Design an efficient algorithm which, given a nonempty character string S, computes the length of a longest substring of S that is a palindrome.

Blah blah correctness blah blah complexity blah blah blah.
--------------------
quote:
For the next part, just pretend that I've already found the correct recurrence formula.

Posts: 1509 | Registered: Tuesday, January 10 2006 08:00
Law Bringer
Member # 2984
Profile Homepage #1
This is brainstorming, not a formal description:

If we do not need to work in place, I'd first make a copy of the string that is stripped of case and non-alpha characters. This is only a single pass over the string - O(n) - and takes at most as much memory as the string. This would greatly simply the analysis as we don't need to account for spaces or case any more.

I would then try to find potential center positions first - two characters that are consecutive, or one that is sandwiched between the same characters.

- For each character from 0 to length of string
--- Is next character equal to this character or to previous character?
--- Store the current index in a collection of potential palindromes.

This step can be done in a single pass over the string and is O(n).
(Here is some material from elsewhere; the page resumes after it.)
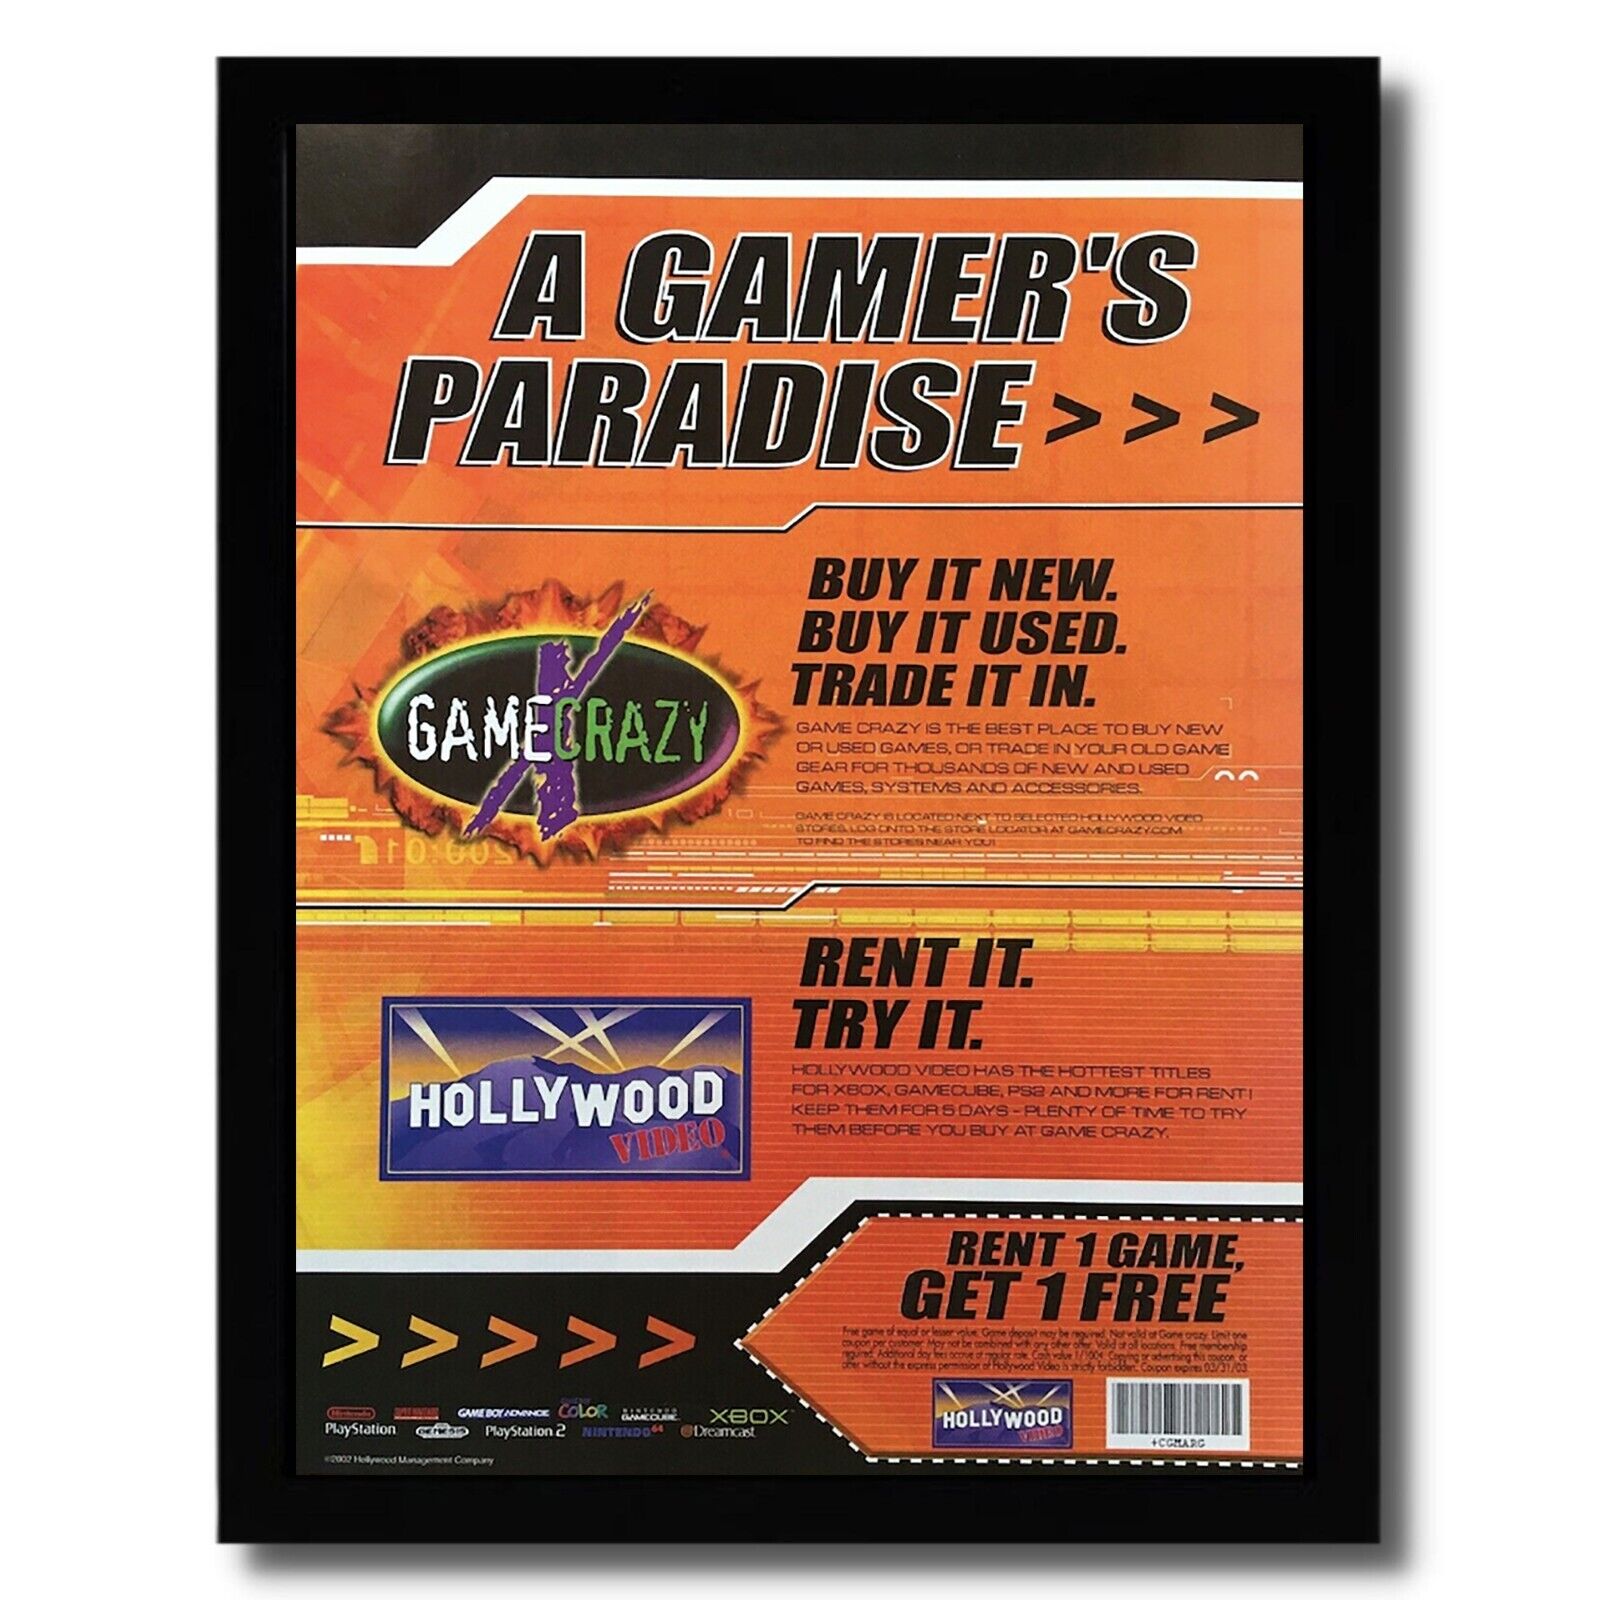 2002 GAME CRAZY / HOLLYWOOD VIDEO Framed Print Ad/Poster Video Game Rentals Art

(We need to store the information whether this is an even or odd length palindrome, and I can think of no elegant solution but only a special case checking. The following assumes an odd-length palindrome for simplicity.)

Next, we eliminate these candidates by extending each and finding out how long they get.

- Start i at 1
- While there are still values in the collection
--- Increment i
--- For each value in the collection
----- Compare characters at distance i in both directions from the value
----- If they're not equal (or one of the positions compared lies outside string boundaries), eliminate this value
- The longest palindrome (still assuming odd length) is (i-1)*2+1.
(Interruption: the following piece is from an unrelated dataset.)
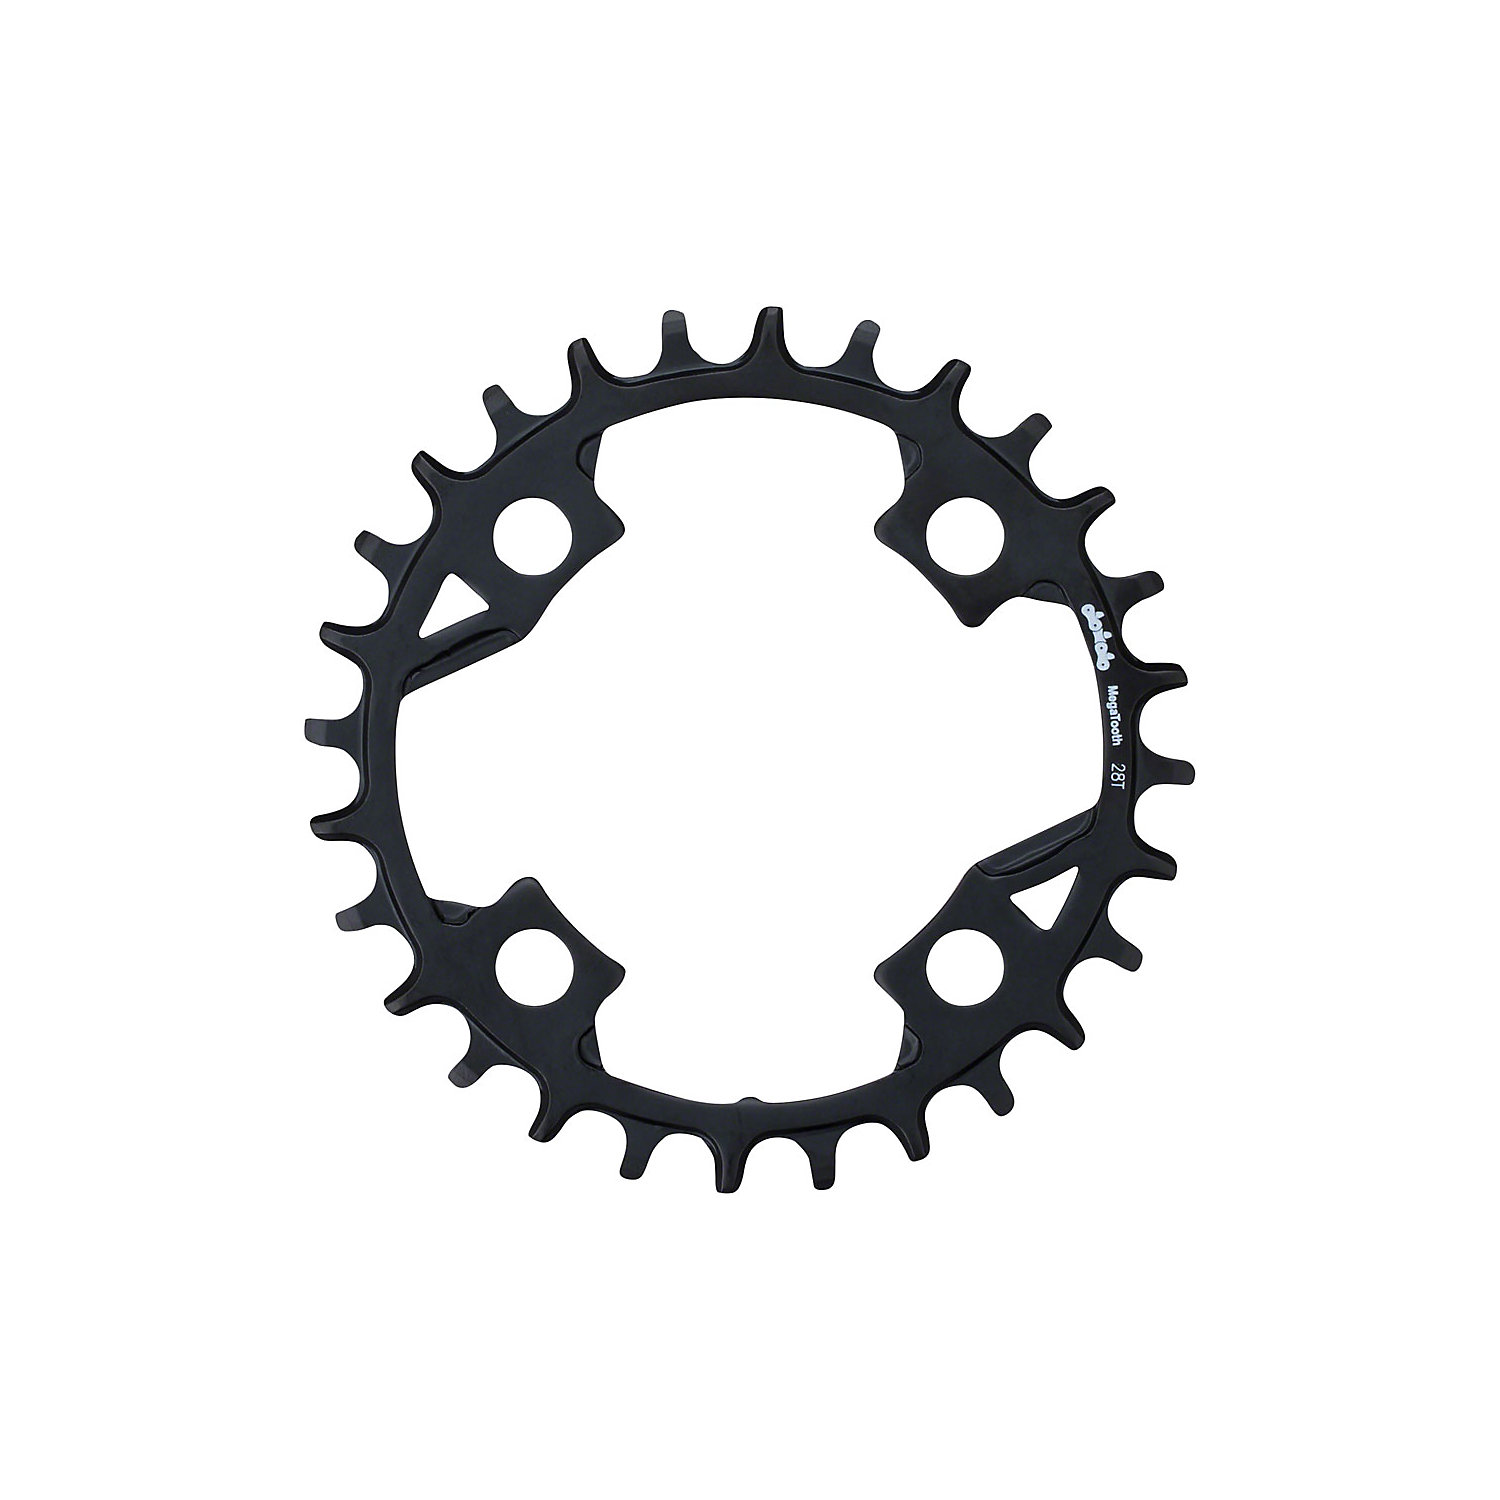 Full Speed Ahead Megatooth Chainring

Because this algorithm identifies all candidates first and eliminates this tree of possibilities in Level Order, it is most efficient on a string with few such candidates or even just a single long palindrome. In that ideal case it could be practically linear. The worst case scenario is a string of equal letters. In this case, all letters are potential candidates and will be examined until each reach the edge and only the center is left, causing it to become O(n^2).
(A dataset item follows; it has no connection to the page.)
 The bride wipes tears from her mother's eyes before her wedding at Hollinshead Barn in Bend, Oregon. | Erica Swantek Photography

An alternative solution would be to eliminate each candidate completely in their own order, starting at the ones closest to the center (most room to expand). This would be faster in some cases but slower in others - I'm not sure how common each of these cases far.

--------------------------------

Gah. Tired. I hope I haven't just excreted complete nonsense.

[ Tuesday, October 23, 2007 15:02: Message edited by: Xian ]

--------------------
The Noble and Ancient Order of Polaris - We're Not Yet Dead.
EncyclopediaArchivesStatsRSS (This Topic / Forum) • BlogNaNoWriMo
Did-chat thentagoespyet jumund fori is jus, hat onlime gly nertan ne gethen Firyoubbit 'obio.'
Decorum deserves a whole line of my signature, and an entry in your bookmarks.
Posts: 8752 | Registered: Wednesday, May 14 2003 07:00
Post Navel Trauma ^_^
Member # 67
Profile Homepage #2
He's making your life difficult - the substring doesn't have to be consecutive, so AxByA should return ABA.

--------------------
Barcoorah: I even did it to a big dorset ram.

New Mac BoE
Posts: 1798 | Registered: Thursday, October 4 2001 07:00
Law Bringer
Member # 2984
Profile Homepage #3
WTF?

Ouch, forget it then...

--------------------
The Noble and Ancient Order of Polaris - We're Not Yet Dead.
EncyclopediaArchivesStatsRSS (This Topic / Forum) • BlogNaNoWriMo
Did-chat thentagoespyet jumund fori is jus, hat onlime gly nertan ne gethen Firyoubbit 'obio.'
Decorum deserves a whole line of my signature, and an entry in your bookmarks.
Posts: 8752 | Registered: Wednesday, May 14 2003 07:00
Nuke and Pave
Member # 24
Profile Homepage #4
Why do I have a feeling that this problem is NP-complete? :)

I haven't done any NP-completeness proofs in several years, so I'll think about it after work, but it is looking similar to some other innocent-looking problems that turn out to have only exponential solutions. (The obvious algorithm for this one is to look at all substrings that are skipping a single letter, then run recursively until you get down to strings of length 1, which gives you a O(n!) running time.)

--------------------
Be careful with a word, as you would with a sword,
For it too has the power to kill.
However well placed word, unlike a well placed sword,
Can also have the power to heal.
Posts: 2649 | Registered: Wednesday, October 3 2001 07:00
Law Bringer
Member # 335
Profile Homepage #5
I am not a programmer, so here's my terrible solution. It very quickly gets out of hand for long strings with many non-unique characters, but it should eventually spit out a solution.

Define variables longestPalindrome and currentPalindrome.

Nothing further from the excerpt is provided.